Required work: Repeat, exactly as written, the lines from the one with "Female Trump Adviser: I" to the final line of the listing, and keep every picture out.

:: Collected material ::

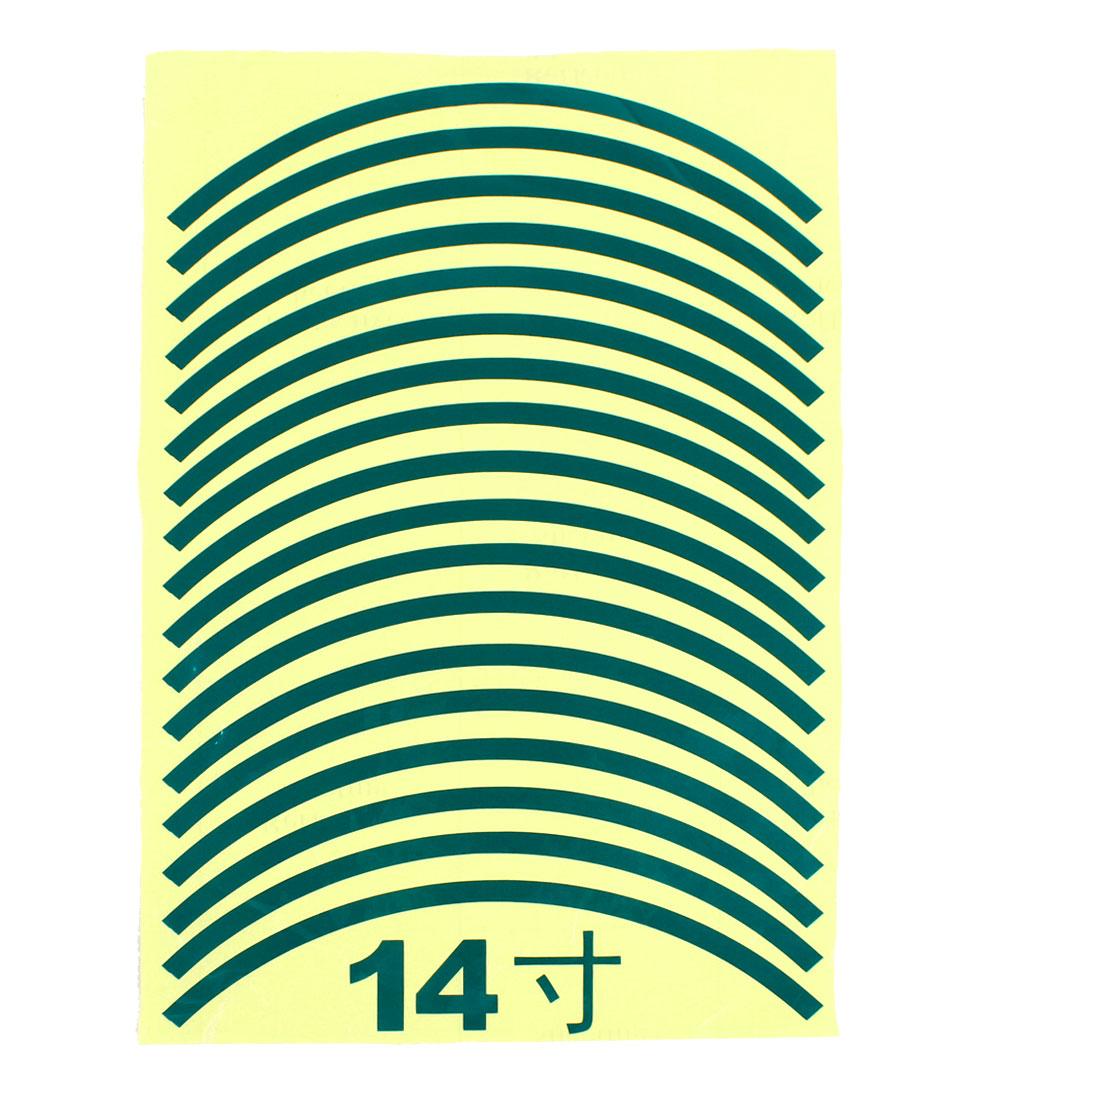 "18pcs 29.5cm Length Car Van Tire Rim Green Decorative Sticker for 14"" Wheels"
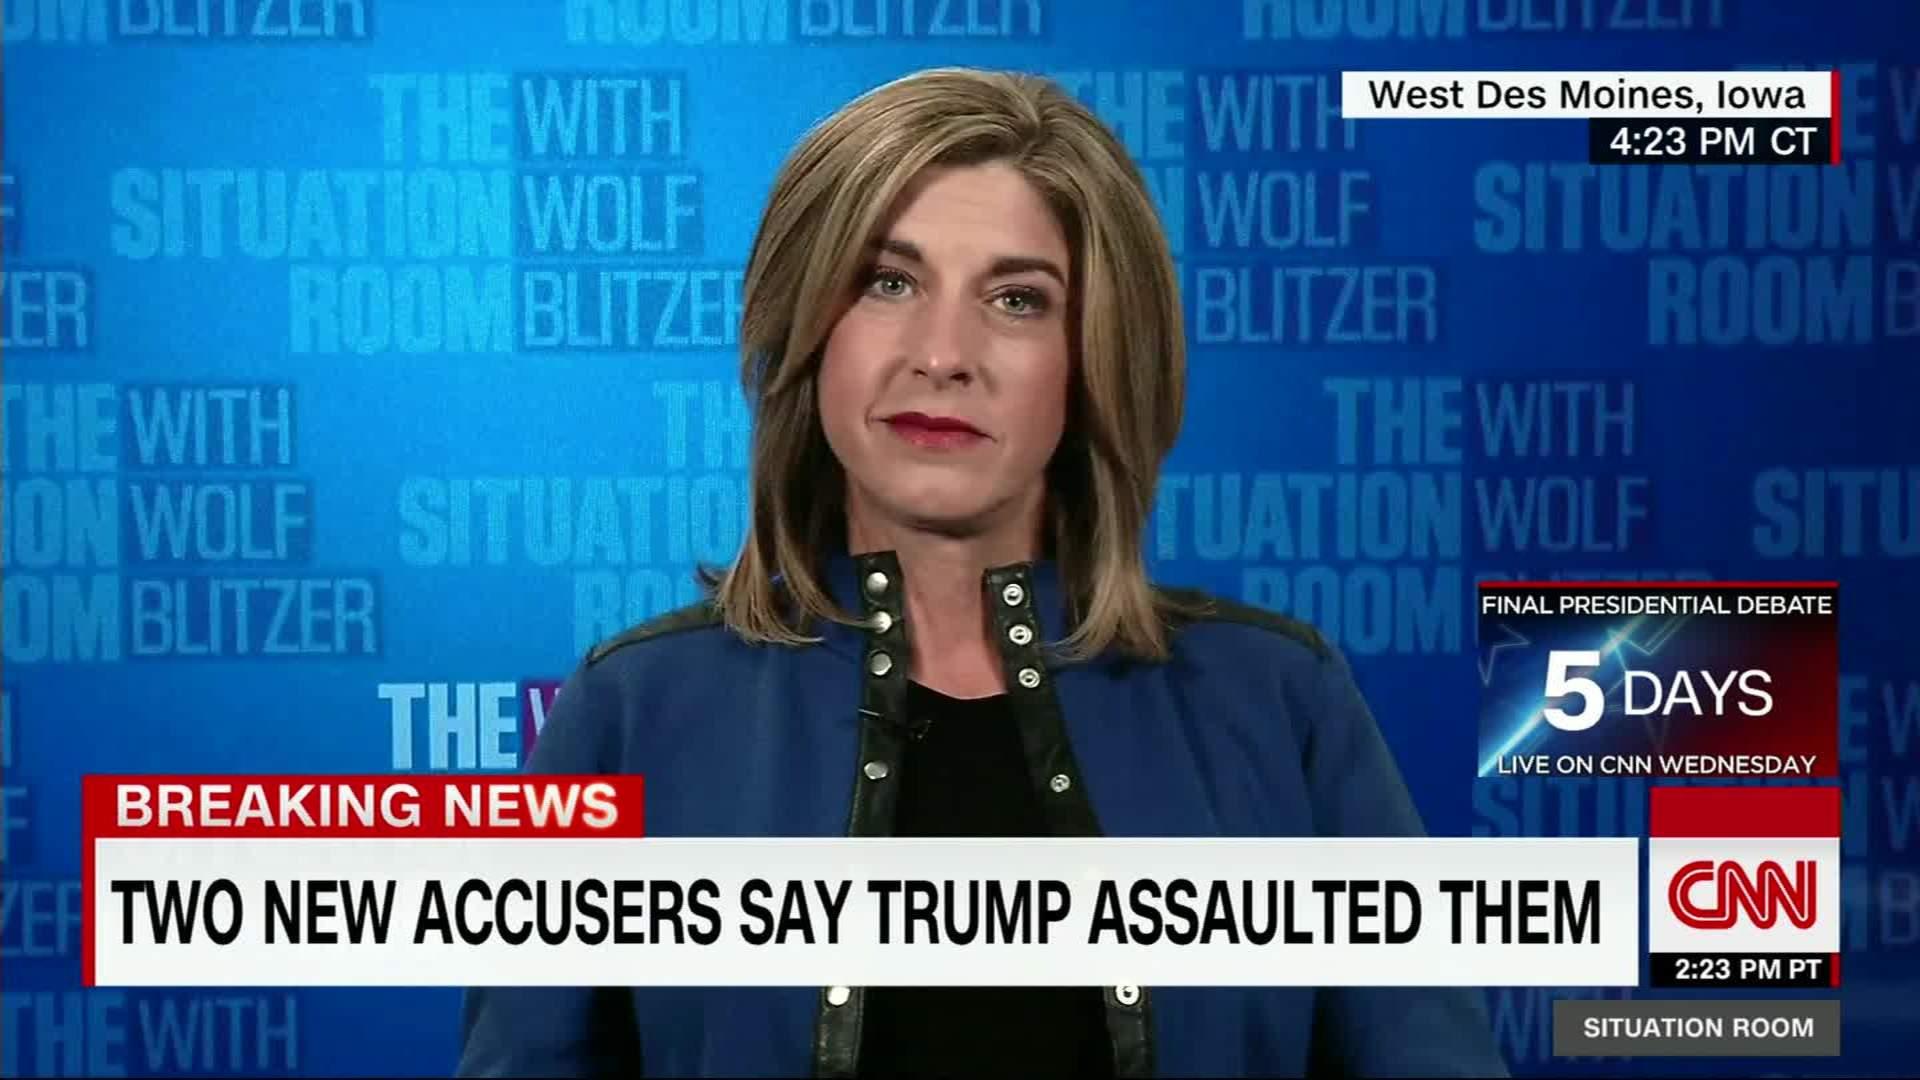 Female Trump Adviser: I Canu0027t Have Empathy For Accusers   CNN Video
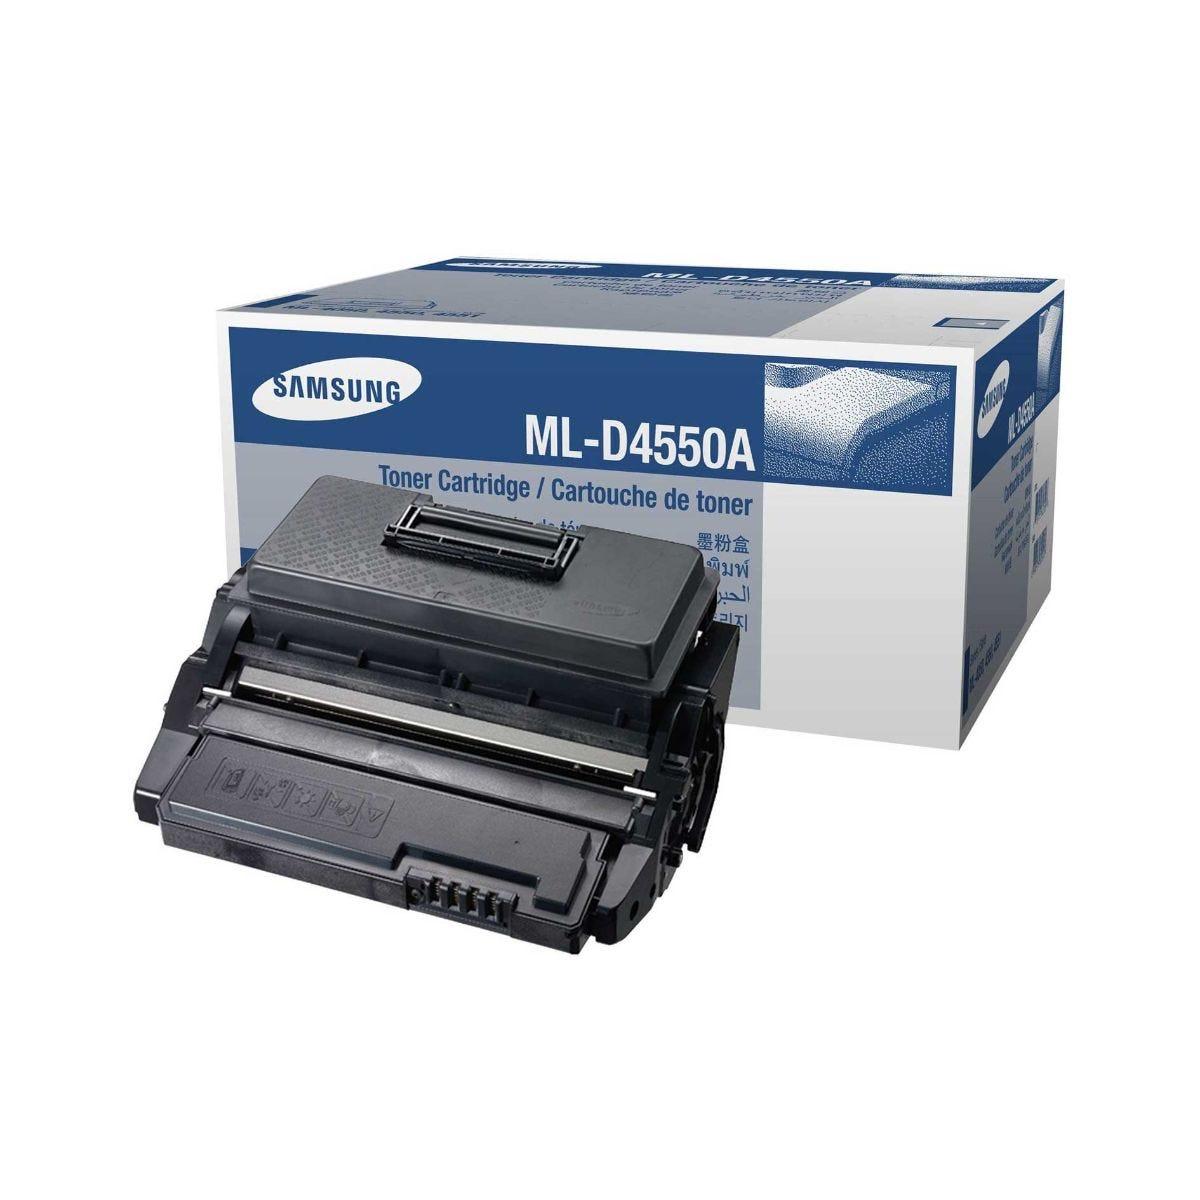 Samsung ML-D4550A Printer Toner Drum, Black
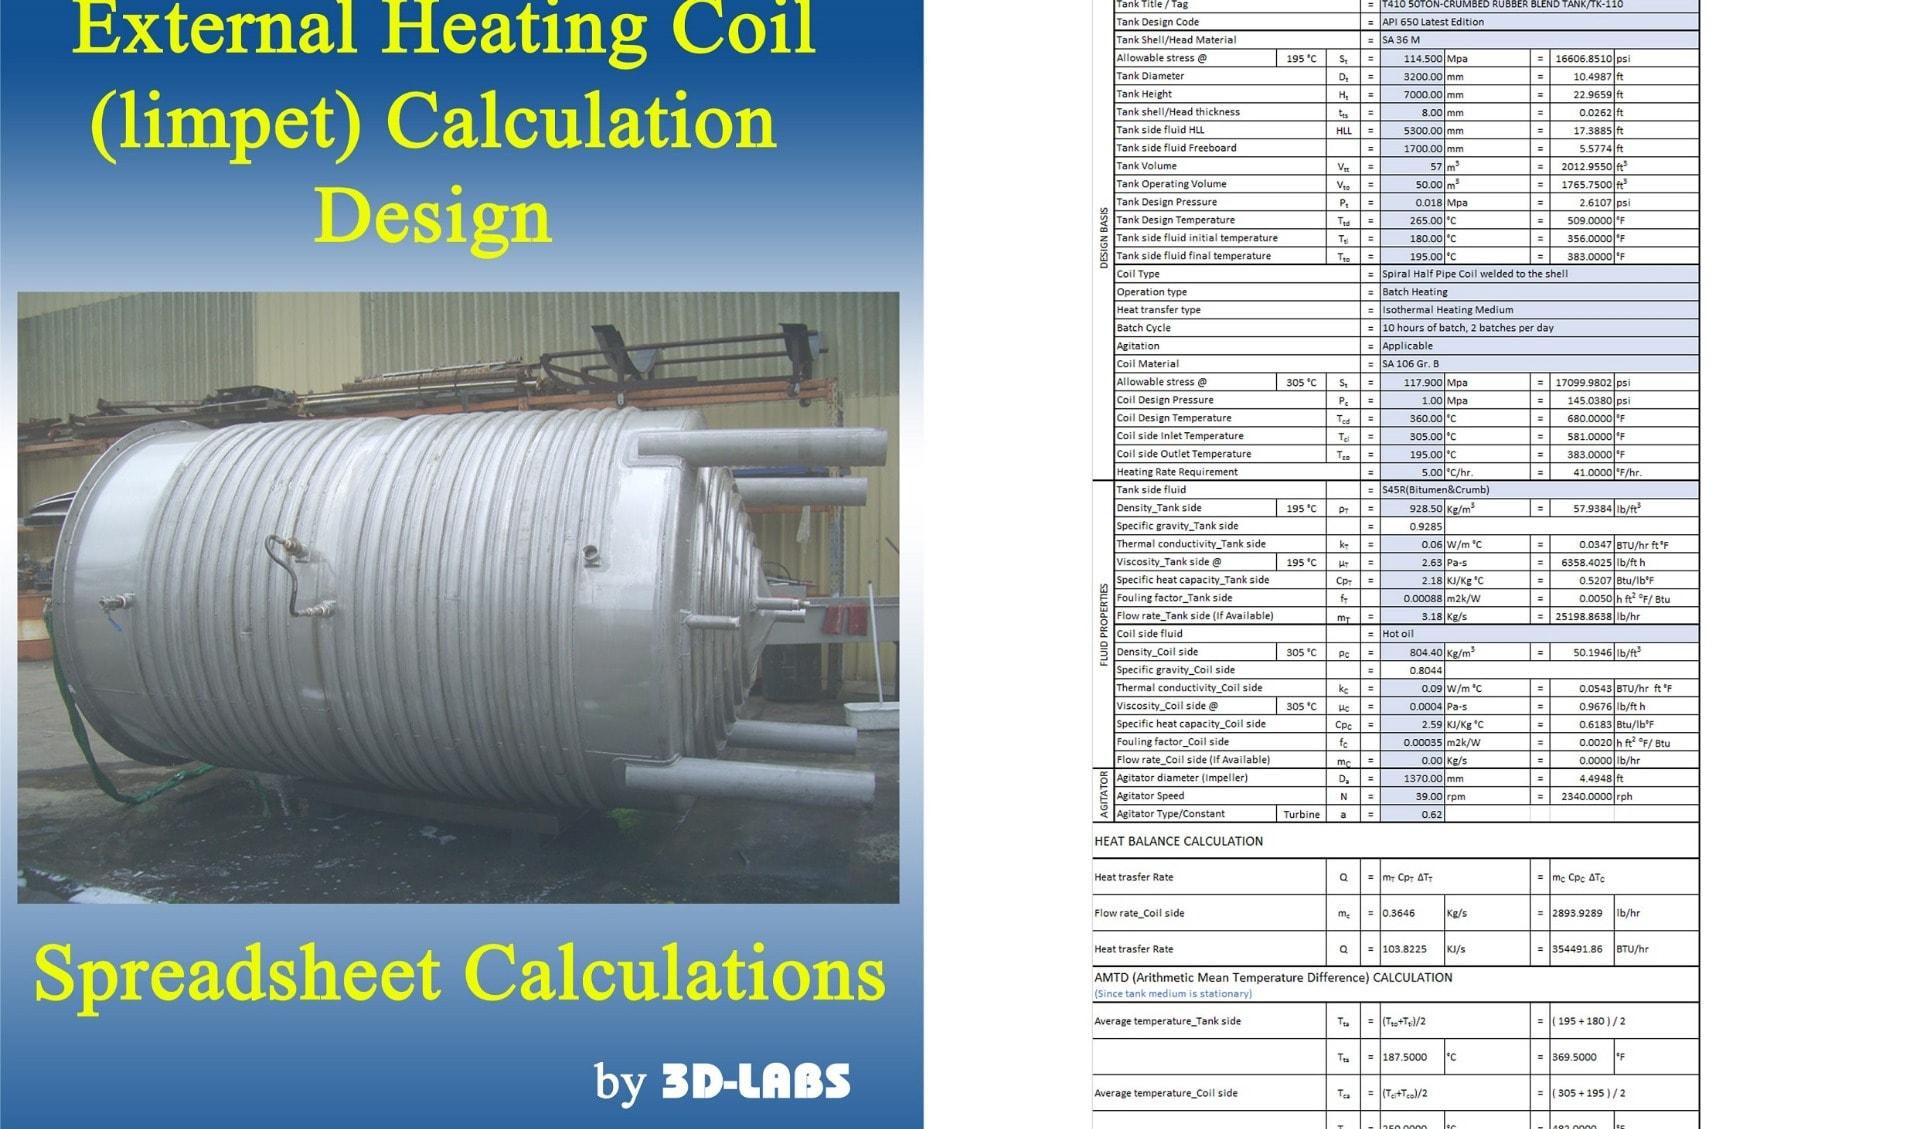 Crumbed Rubber Blend Tank, external heating coil design

:::

Output of the exercise:
 Female Trump Adviser: I Canu0027t Have Empathy For Accusers   CNN Video
 Samsung ML-D4550A Printer Toner Drum, Black
 Crumbed Rubber Blend Tank, external heating coil design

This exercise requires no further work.